Scarcely a day went by without a new ‘Diana’ story at this point, but this particular piece really stood out, as it involved a politician stepping in. It was hinted to be either Nicholas Soames (unlikely, since he is a close friend of Prince Charles) or William Waldegrave (who had links to the royals), but the identity of the man in question was never made clear. Then there was the minor matter of how such an extremely detailed story made its way into the public domain with widespread suspicion that it had been leaked by the police, although Piers would not be drawn. ‘Suffice it to say, this is a story which has been fairly common knowledge in the police for some time,’ was all he would admit. The affair itself had also been widely suspected by Fleet Street, but this was the first time there was some real proof.

It crowned Piers as the king of scandal – life and blood to a newspaper like the News Of The World – and was the culmination of a stunning successful six months in the editor’s chair. This was the biggest story he’d run to date, but it was by no means the only one: since taking on the editor’s mantle, he’d revealed Tory MP Hartley Booth’s relationship with former researcher Emily Barr, leading to Booth’s resignation from a junior government post. He then published a similar piece about Labour MP Dennis Skinner (THE BEAST OF LEGOVER), and also revealed the affair between Lady Bienvenida Buck, then married to another Tory MP, Anthony Buck, and the Chief of the Defence Staff Sir Peter Harding – who was also forced to resign – but topped that with a story about the Tory MP Alan Clark’s affairs with a mother, Valerie Harkess, and her two daughters, Josephine and Alison, whom he’d nicknamed ‘The Coven’. The injured husband and father, James, posed with a horsewhip and admitted he would like to use it on the great man himself.

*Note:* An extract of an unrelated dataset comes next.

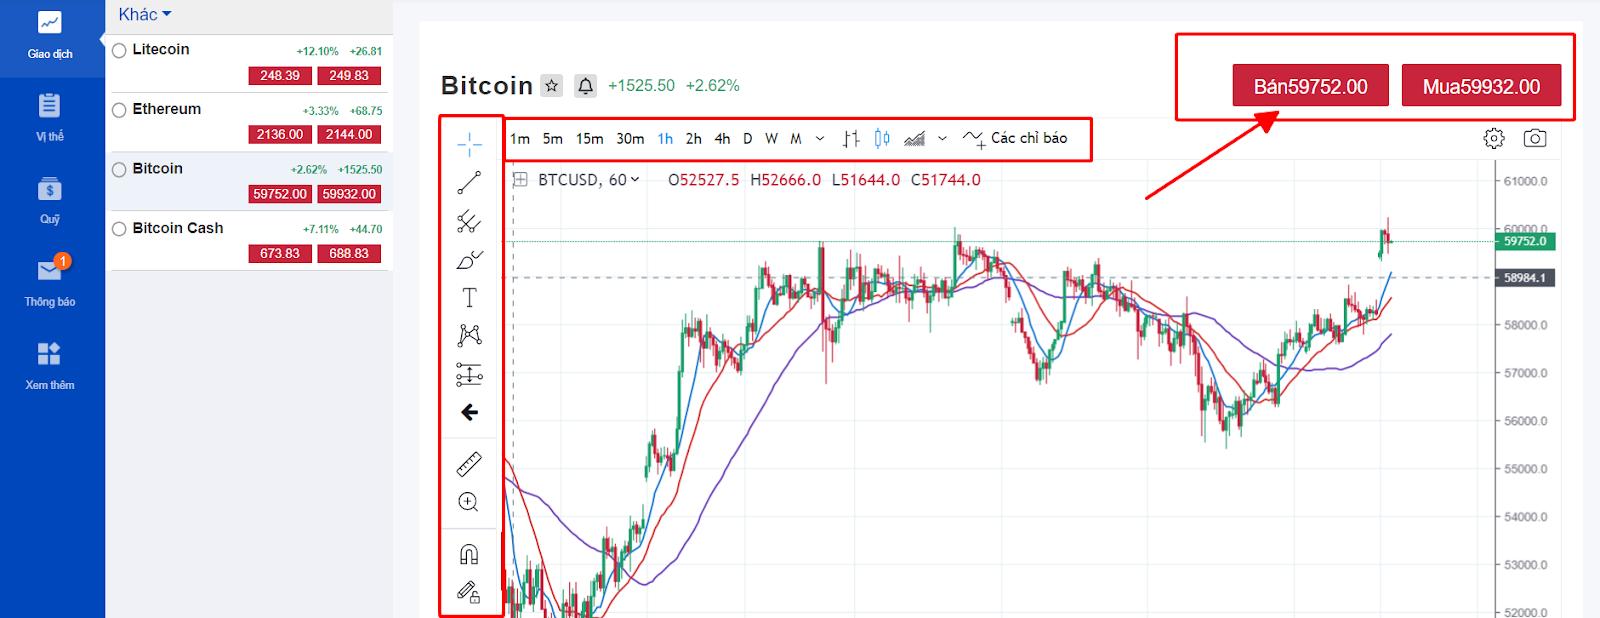 mua bán Bitcoin trên Mitrade

This was an impressive tally by any standards but it was the royal stories where Piers really came into his own: his first ‘Diana’ story was that her psychiatric records had been stolen; this was followed up by the Hoare piece, which in turn led to a story from one James Hewitt, to the effect that he’d been the recipient of silent phone calls, too. Then came material about Diana’s affair with Hewitt, still not widely known about at the time.

All of this mattered, not just for the entertainment of the nation but because Piers was still so very young. There had been plenty of grumbling about a lack of experience when he’d first got the job and yet, from the moment he took up the post, he’d been all but setting the news agenda. Meanwhile, he was careful to praise his reporters. ‘They are the ones who bring in the stories,’ he told The Spectator. ‘This isn’t false modesty; the only credit I would take is having the balls to run the stories.’

Royal stories, especially those involving Diana, could be tricky to handle, too. Despite the public’s voracious appetite for anything involving ‘Shy Di’ (who came close to bringing the Monarchy down), they adored her and, while they would read scandalous stories about her, there was a line over which no paper nor editor should step. Alleging nuisance calls while maintaining a sympathetic aura wasn’t that easy, and there was a big risk in becoming the first paper to reveal Diana’s own extra-marital affairs but the News Of The World somehow managed to pull it off.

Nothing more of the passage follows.